Я отправился, но, отъехав немного, воротился к герцогу и сказал: «Высота Монмартрская также должна быть очищена французскими войсками».
Он подумал с минуту и отвечал: «Это справедливо, она вне укрепленных застав».
В это время по всей французской линии раздавались крики: «Да здравствует император! Да здравствует великий Наполеон!» – и ясно было по виду этих храбрецов, что крик этот, возбужденный самим маршалом, более обнаруживал с их стороны усердия к бою, чем радости о минутном прекращении опасности. Зрелище это было величественно. Борьба кончилась, но неизменно и во всей полноте своей сохранилась преданность.
Наши стояли в 200 шагах оттуда. Барабаны ударили сбор; офицеры разъезжали по рядам, и только небольшое количество самых отчаянных солдат упорно продолжали стрелять в неприятеля. Никогда не забуду комического неудовольствия одного русского гренадера, которого я не допустил выстрелить, приказав ему воротиться к его роте. Он взглянул на меня с видом упрека и сказал умоляющим голосом, указывая рукой на французского стрелка, которого, вероятно, почитал личным врагом своим: «Ваше высокоблагородие, позвольте мне только этого подстрелить».
Разумеется, что я не дал свободы его мщению или гневу, и он, возвратясь в ряды, ворчал против того, что называл моей непонятной несправедливостью.

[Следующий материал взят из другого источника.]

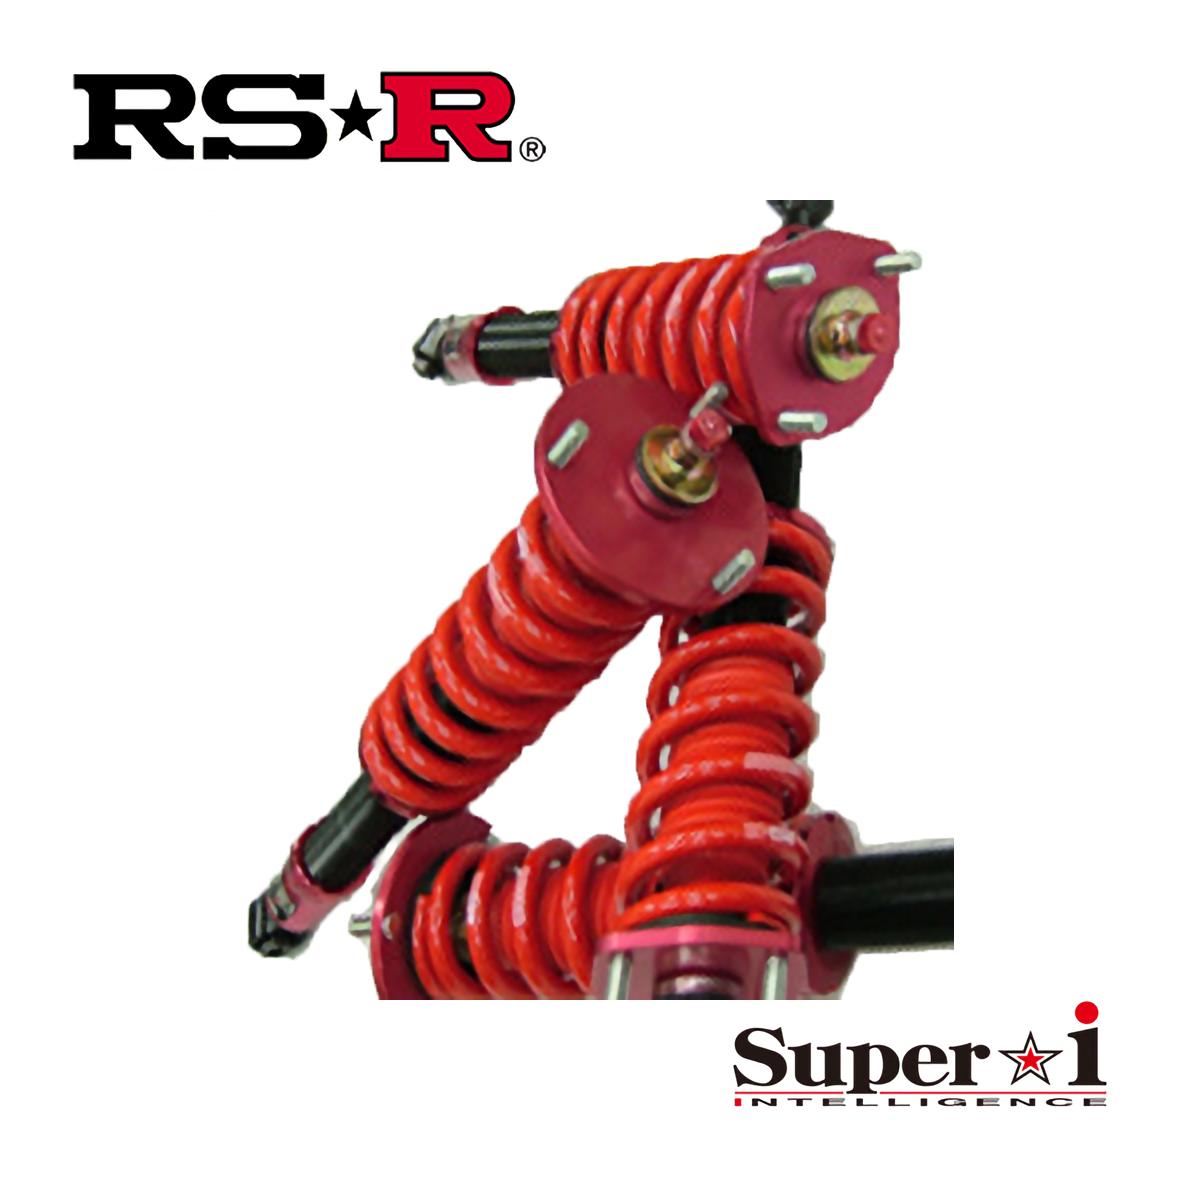 RS-R クラウンハイブリッド AZSH20 RSアドバンス 車高調 リア車高調整: ネジ式 SIT967M スーパーi RSR 個人宅発送追金有

В некотором расстоянии оттуда я нашел государя и прусского короля, которые, сошедши с лошадей, стояли на одном возвышении, где император сам устроил батарею из 24 орудий. Прусский король благодарил наших офицеров за блистательную атаку, которую они совершили, ударив из деревни Пантен на фланг и тыл французских батарей Сен-Шомонского холма. Все с нетерпением ждали, какие я принесу вести. Едва кончил я рассказ, император позвал графа Нессельроде и дал ему инструкцию, составленную заранее вместе с прусским королем и князем Шварценбергом. Комиссию тотчас назначили. Она состояла из графа Нессельроде и меня. Князь Шварценберг присоединил к нам своего адъютанта, полковника Парра, а Нессельроде взял еще с собой капитана Петерсона, русского, уроженца Лифляндии, камергера при дворе российском, вступившего в военную службу из патриотизма при самом начале войны.